Default technical settings that you should turn off immediately
Default technical settings that you should turn off immediately
These controls, which are buried within the products of Apple, Google, Meta, and others, force us to share too much data.
The saying refers to the default settings that tech companies embed deeply into the devices, apps, and websites we use. These settings usually force us to share data about our activities and location. We can usually opt out of this data collection, but companies make it difficult to note down menus and buttons, perhaps in the hope that we won’t change them immediately.
Apple, Google, Amazon, Meta, and Microsoft generally want us to skip some of the default settings, reportedly to train their algorithms and catch bugs, which then make their products easier for us to use. But unnecessary data sharing is not always in our best interest.
Note that in 2018 several whistleblowers admitted that they had listened to Apple’s Siri recordings and Amazon’s Alexa activations that inadvertently recorded couples’ sex. The recent change of Ro vs. Ro. Wade also highlighted the many ways women can be tracked through their personal technology when looking for options to terminate a pregnancy.
So with every tech product we use, it’s important to take the time to look at the many menus, buttons, and switches to reduce the data we share. Here’s a smooth guide to many default settings that I and other tech writers always change.
Apple Phones
With iPhones, users can open the Settings app and enter the privacy menu to change the way they share data about their app usage and location. (Apple technically asks people to choose some of these settings when activating a new iPhone, but these steps can easily be ignored.) These suggestions will disable data sharing.)

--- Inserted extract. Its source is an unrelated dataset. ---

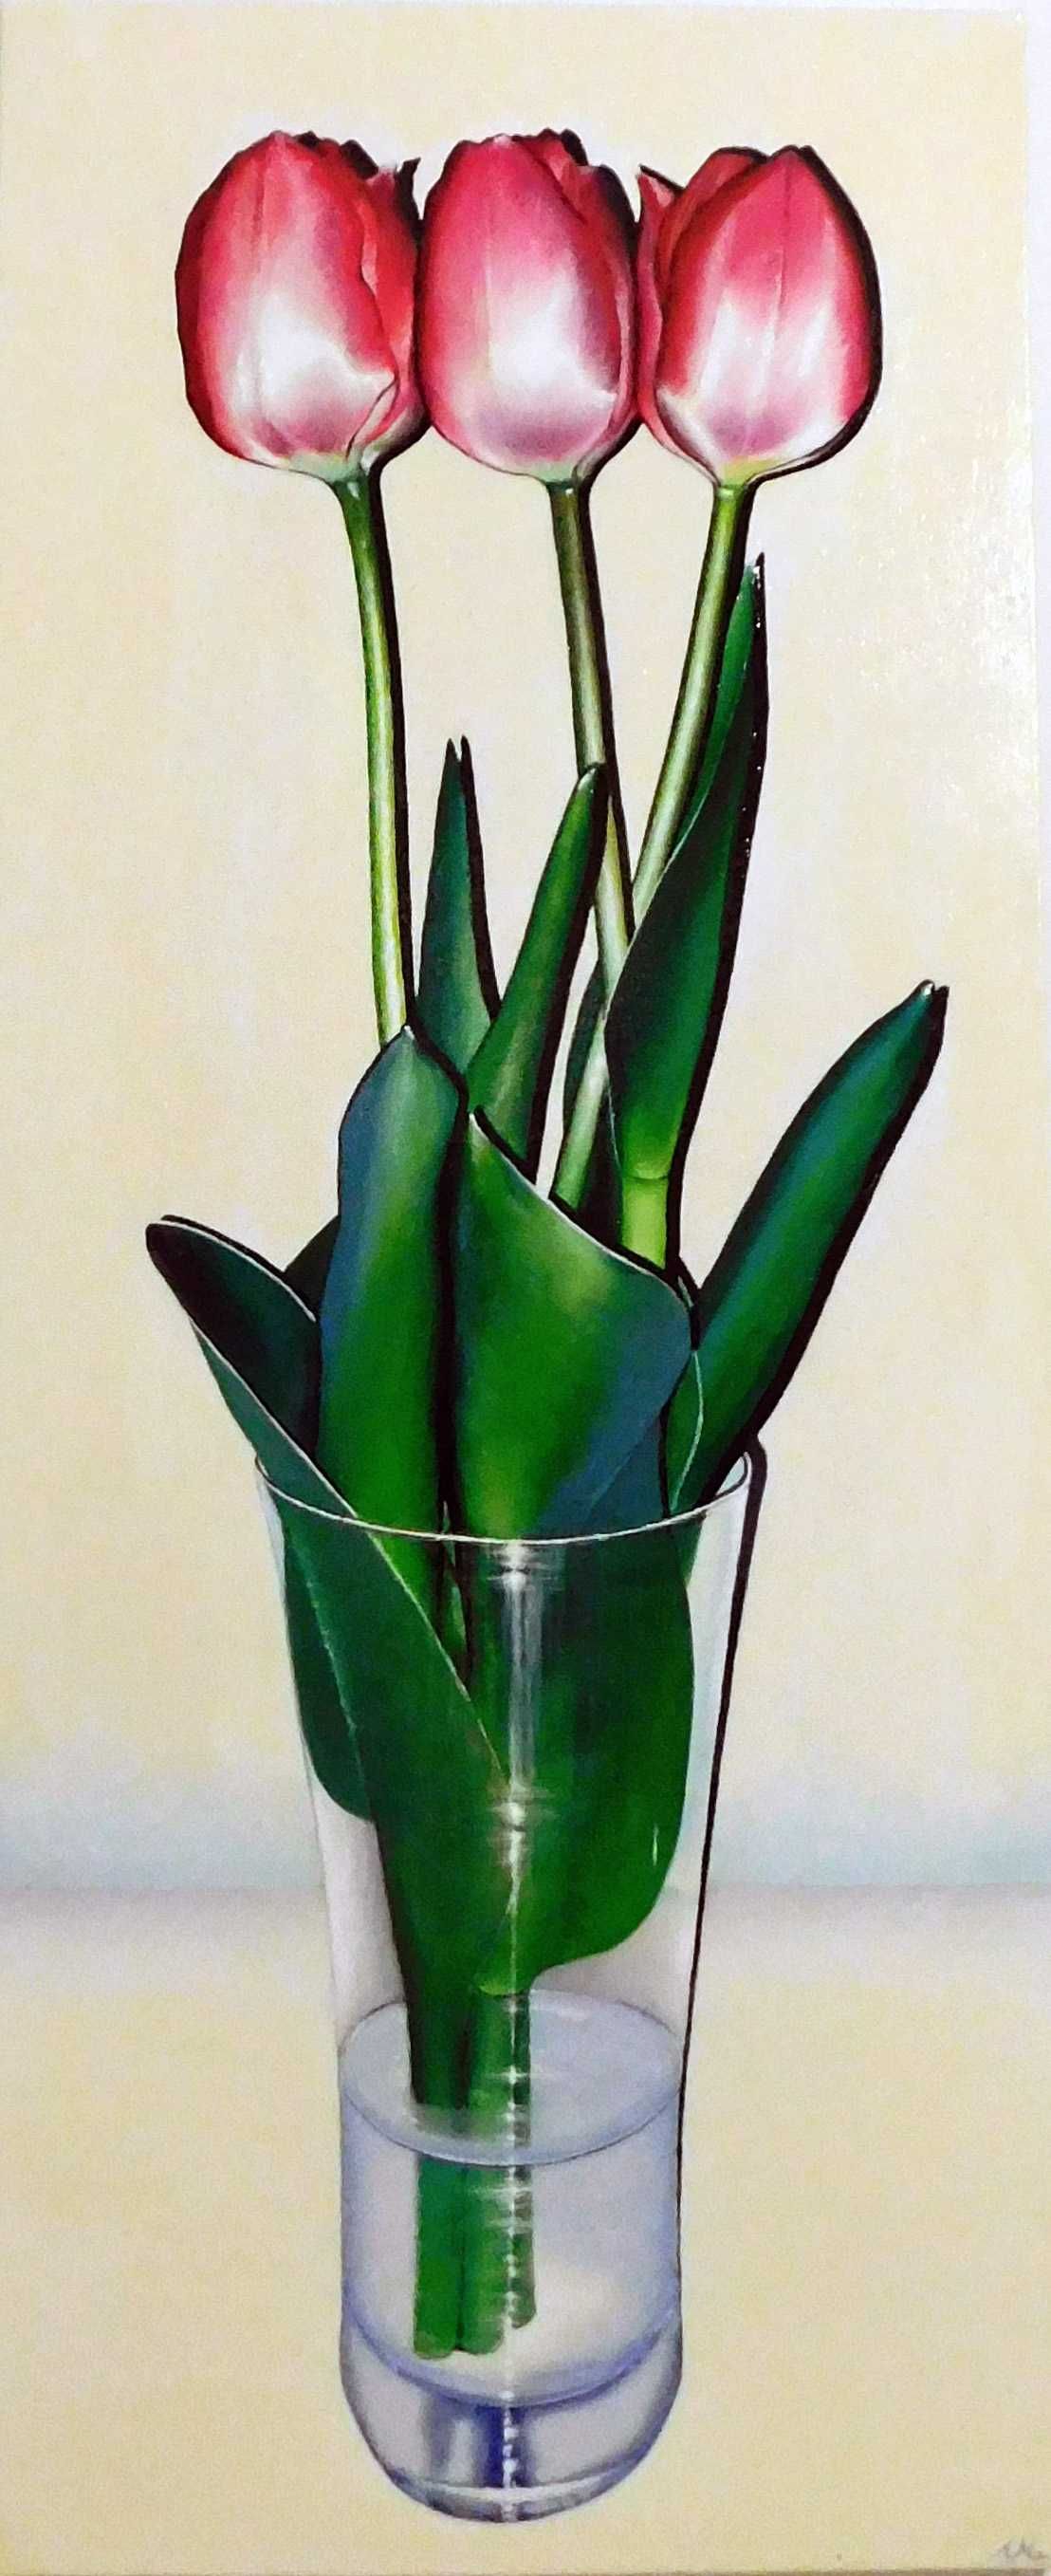 Obraz akrylowy ręcznie malowany pt: "Tulipany"

Select Tracking and toggle off allow apps to request tracking. It asks all apps not to share data with third parties for marketing purposes.
Select Apple Advertising and turn off personal ads so Apple can’t use information about you to offer targeted ads on its App Store, Apple News, and Stock.
Choose Analytics and Improvement and share iPhone Analytics to prevent the iPhone from sending device data to Apple to improve your products.
Select Location Services, tap System Services, and turn off iPhone Analytics and Routing end traffic to prevent the device from sharing geodata with Apple to improve Apple Maps.
Google Products
Google’s products, including Android phones and web services such as Google Search, YouTube and Google Maps, are linked to Google accounts, and the control panel to change data management is on myactivity.google.com website.
For all three categories — web and app activity, location history, and YouTube history — automatically delete activity older than three months. That way, instead of making a permanent record of each search, Google clears entries older than 90 days. In the near future, it can still offer helpful recommendations on recent searches.
A bonus tip for Android phones comes from Ryan Hager, editor of the tech blog “Android Police”: Newer versions of Android offer people the ability to share approximate location rather than their exact location with apps. For many apps, such as weather software, there should be an approximate data sharing method, and accurate geodata should only be shared with software that needs to work properly, such as maps apps.
Meta’s Facebook
Meta’s most important settings can be accessed through the Privacy Checkup tool within the Settings menu. Here are some important changes to prevent espionage by employers and marketers:
For “Who can see what you share,” select “Only Me” for people who have access to your friends list and pages, and select “Friends” for those who can see your birthday.
For “How people can find you on Facebook” select “Only Me” for people who can see you via email or phone number.
For “Your advertising preferences on Facebook,” turn off the switch to relationship status, employer, job title, and education. As such, marketers cannot offer targeted ads on this information.
Amazon’s website and devices
Amazon offers some control over sharing information through its website and products like Alexa and color cameras. Here are two settings I highly recommend turning off:
Amazon launched Amazon Sidewalk last year, a program that automatically shares an internet connection to amazon’s new products with other devices nearby. Critics say the footpath could open the door for bad actors to access people’s data.
To disable it for the Echo speaker, open the Amazon Alexa app and tap Moor at the bottom right of the screen. Within Settings, tap Account Settings, select Amazon Footpath, and toggle The Sidewalk off position.
For the color camera, in the Color app, tap the three-line icon at the top left and then tap Control Center. Tap Amazon Sidewalk, and slide the button to the off position.
On Amazon’s website, some shopping lists — such as items stored in the wish list — are shared with the public by default, which can reveal information. Go to your lists page and set each purchase list to private.
Windows PC comes with a host of data sharing settings by default to help Microsoft, advertisers, and websites learn more about us. These settings can be found by toggle off switches by opening the Settings menu and clicking Privacy and Security and then General.
Yet the worst default setting on Windows may have nothing to do with privacy. Whenever wirecutter editor Cumberstreams experiences a new laptop, their first step is to open the Sound menu and select No Sounds to mute the many annoying chimes that run when something goes wrong with Windows.